Я — не кулик, а вот хвалю, однако.
Командир
Бывший командир воинской части,
охранявшей Семипалатинский полигон,
говорит, что был счастлив
он,
когда ночью в степи бескрайной
ощущал, как земля дрожала,
и был причастен к тайне
родной державы,
ее силе, мощи, величию.
Ему есть рассказать о чем детям!..
А в коляске под пледом коричневым
ноги в тапках висят, словно плети.
Карелия. Сентябрь
Остывает вода в прионежских болотах.
Клюквы россыпи, словно рубины, во мху,
принакрытые мягкой густой позолотой
увядающих листьев. А там, наверху,
прорезается солнце сквозь туч поволоку,
будто хочет сказать — проскользнула уже
жизнь, как тонкая нитка в стальную иголку,
и печаль узелком завязалась в душе.
Малеевка. 1991
— Я помогаю только сильным! —
говорил московский критик,
сделавший себе имя
на покойном Слуцком,
когда мы прогуливались
по песчаным тропинкам Малеевки.
Он был маленького роста,
нахохлившийся, как воробей после дождя,
курил вонючий “Дымок”, разглагольствуя:
мол, Гумилев не годится Ходасевичу даже в подмастерье.

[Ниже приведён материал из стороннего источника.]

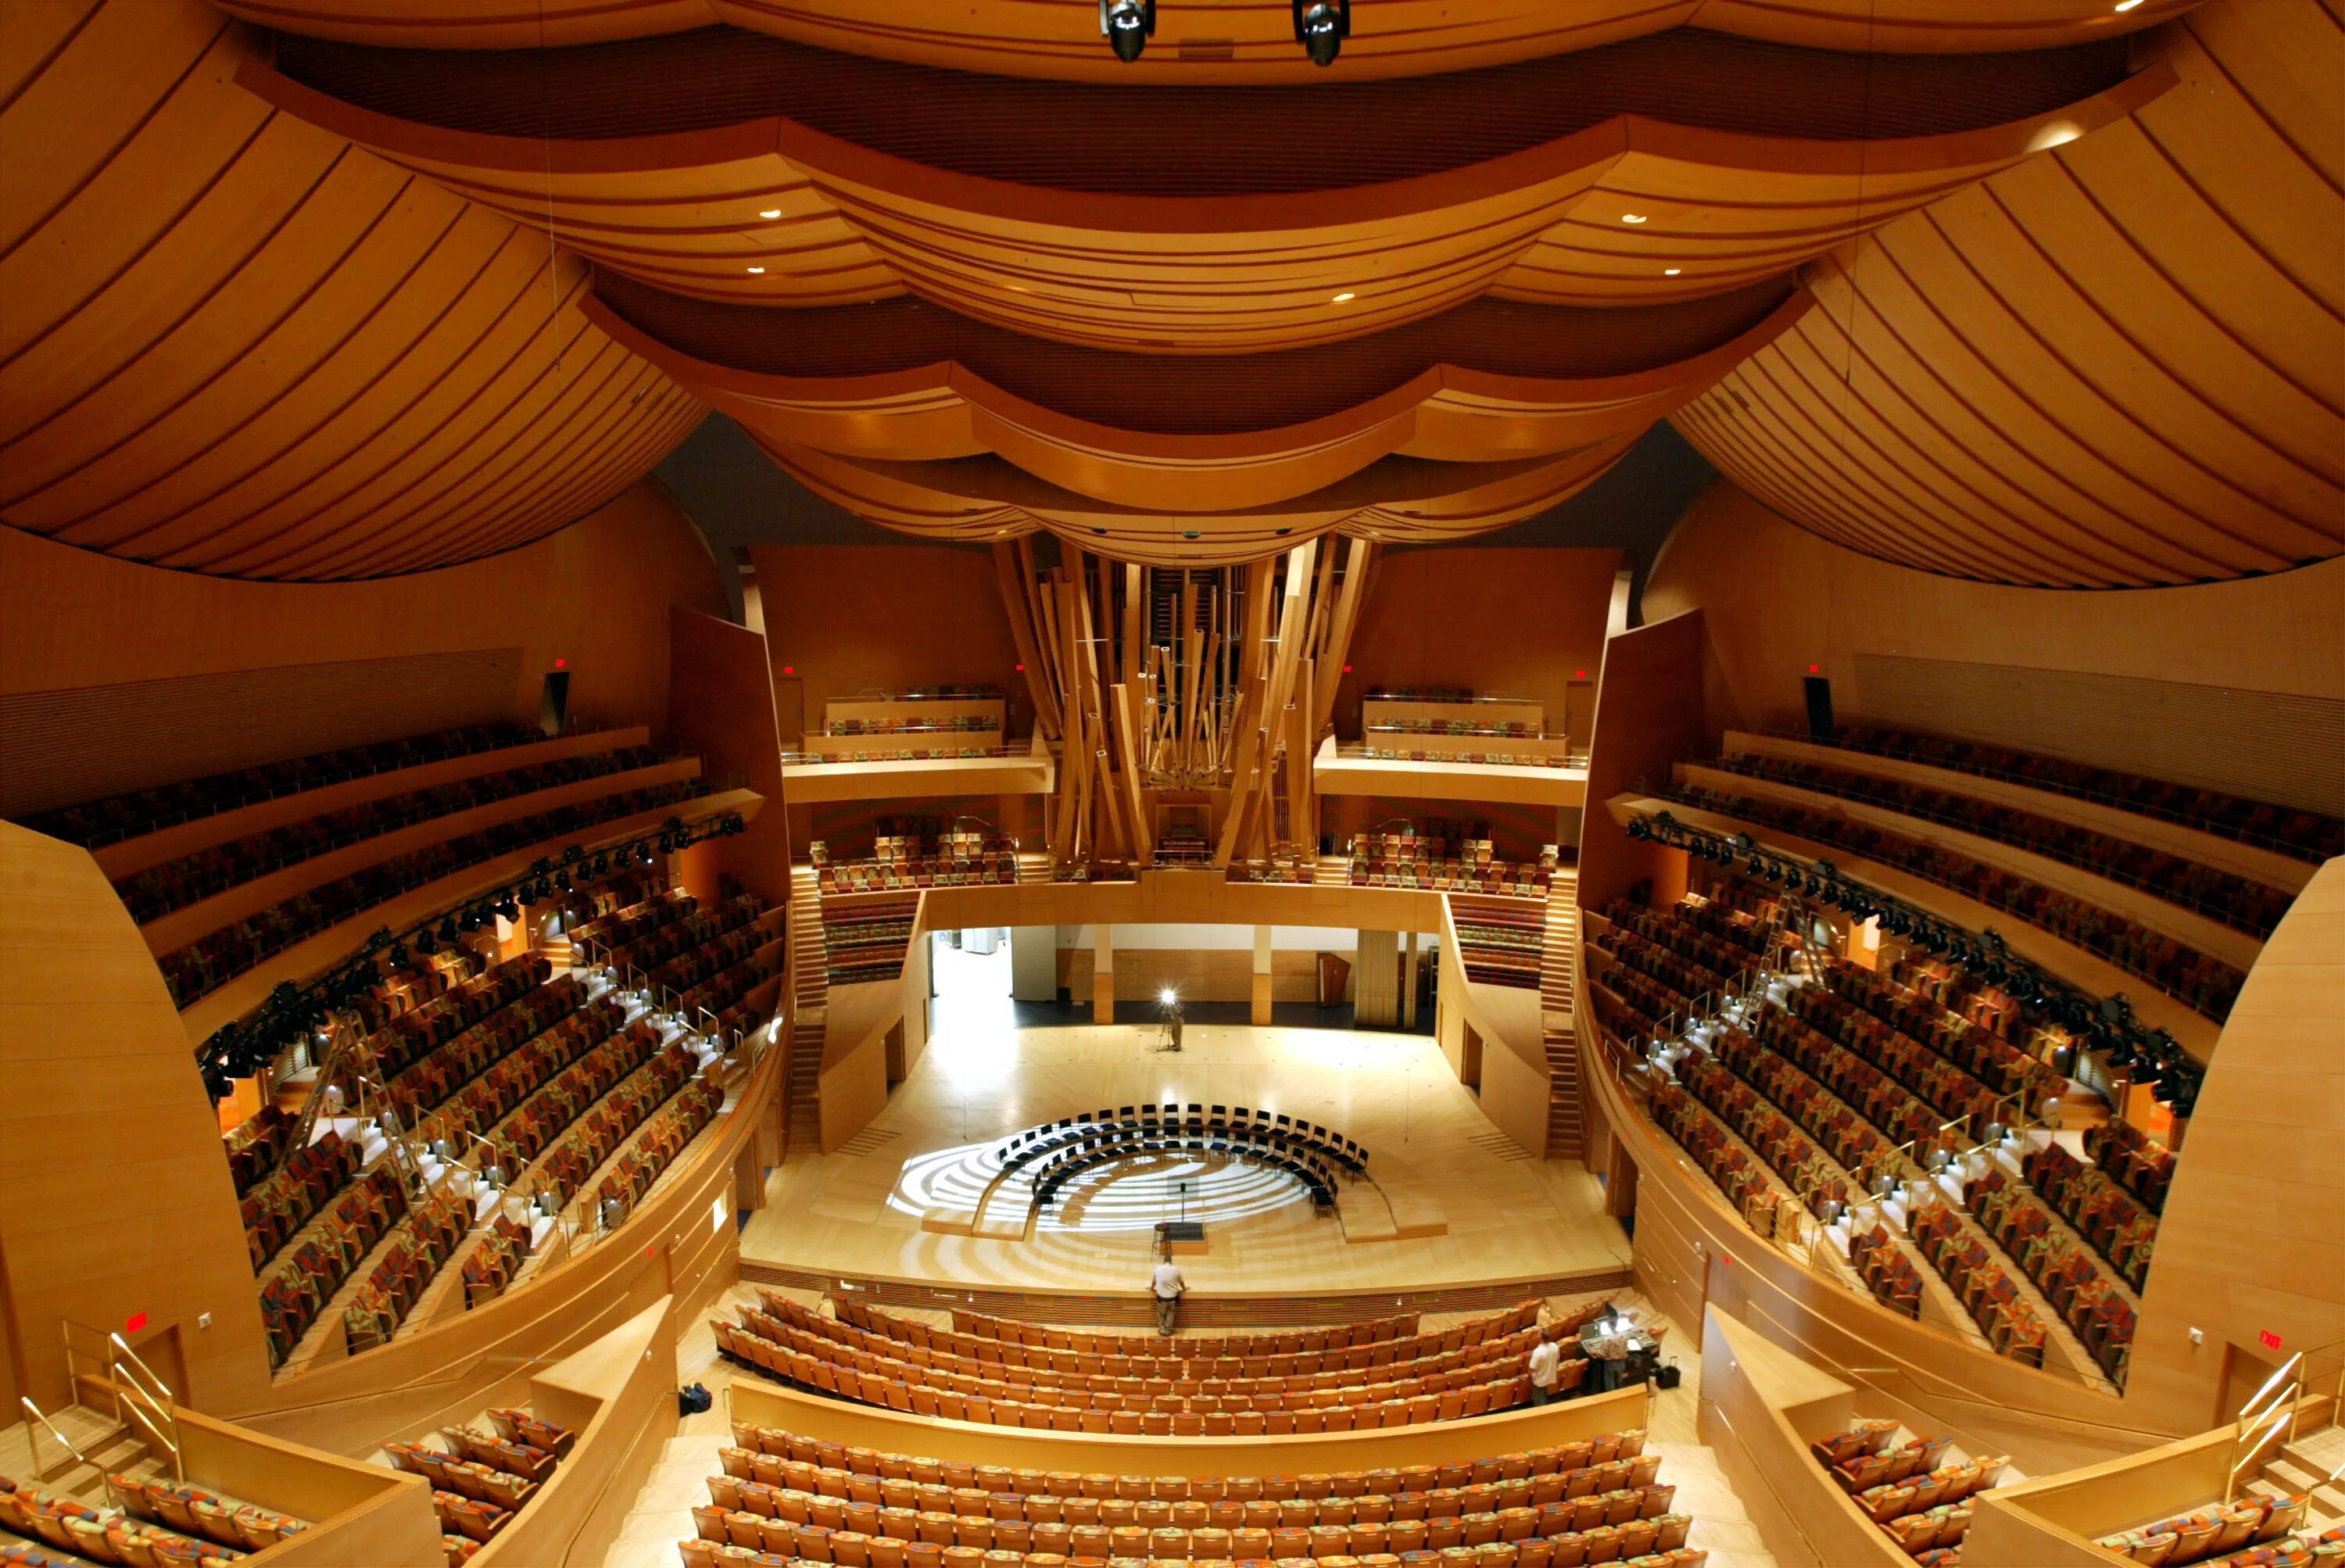 Концертный зал диснея залы. Концертный зал Уолта Диснея в Лос-Анджелесе, США. Walt Disney концертный зал (Лос Анджелес). Фрэнк Гери концертный зал Уолта Диснея. Зал Уолта Диснея (Лос-Анджелес, США, 2003 Г.).

А я, прокручивая в уме его фразу,
никак не мог понять:
на кой ляд сильным
помощь литературного карлика?
* * *
Ничего придумывать не надо,
Прибавлять не надо ничего…
Утренняя синяя прохлада.
Речка, как живое существо,
Мне внимает и переживает,
Отвечает дрожью камыша.
И умиротворенно замирает
Неовеществленная душа.
Свободный. 60-е
Пересылкою в лагерь Свободный.
А. Ахматова
Федор Гаврилович Храмов
называл немецкие самолеты “нестершмиттами”,
а город, под которым его ранило, Конегсбергом.
Однажды,
когда мы подъезжали к его родному Свободному,
он, глядя в мутные воды неказистой речушки Перы,
вдруг сказал:
— Здесь были сталинские лагеря.
— Много? — спросил я.
— На всех хватило, —
ответил фронтовой шофер
и надолго замолчал,
перекатывая желваки по небритым скулам.
Барыня
Бабушка стала сутулиться,
когда ей не было и пятидесяти,
а после
ее вовсе в пояснице перекосило.
Говорила:
— Разве может человек такое вынести?!
С девчоночества землю копала,
тяжеленные мешки носила,
тягала и лиственничные шпалы,
когда твой дед был путейцем, —
вся страна тогда воевала —
кто в окопе,
кто в поле —
не умели беречься.
А пенсию, вишь, я не заслужила —
какие-то нищенские копейки,
словно я барыней век проходила,
а не в сапожищах и телогрейке.
Петербургская история
Бывшая преподаватель литературы
Санкт-Петербургского университета,
в раздрайные девяностые
переквалифицировавшаяся
в эксперта агентства недвижимости
с красивым названием “Итака”,
во сне
часто читает студентам лекции
по творчеству Данте
и, просыпаясь в шикарной квартире,
приобретенной на проценты
от удачно прокрученных сделок,
долго не может понять —
в раю она или аду?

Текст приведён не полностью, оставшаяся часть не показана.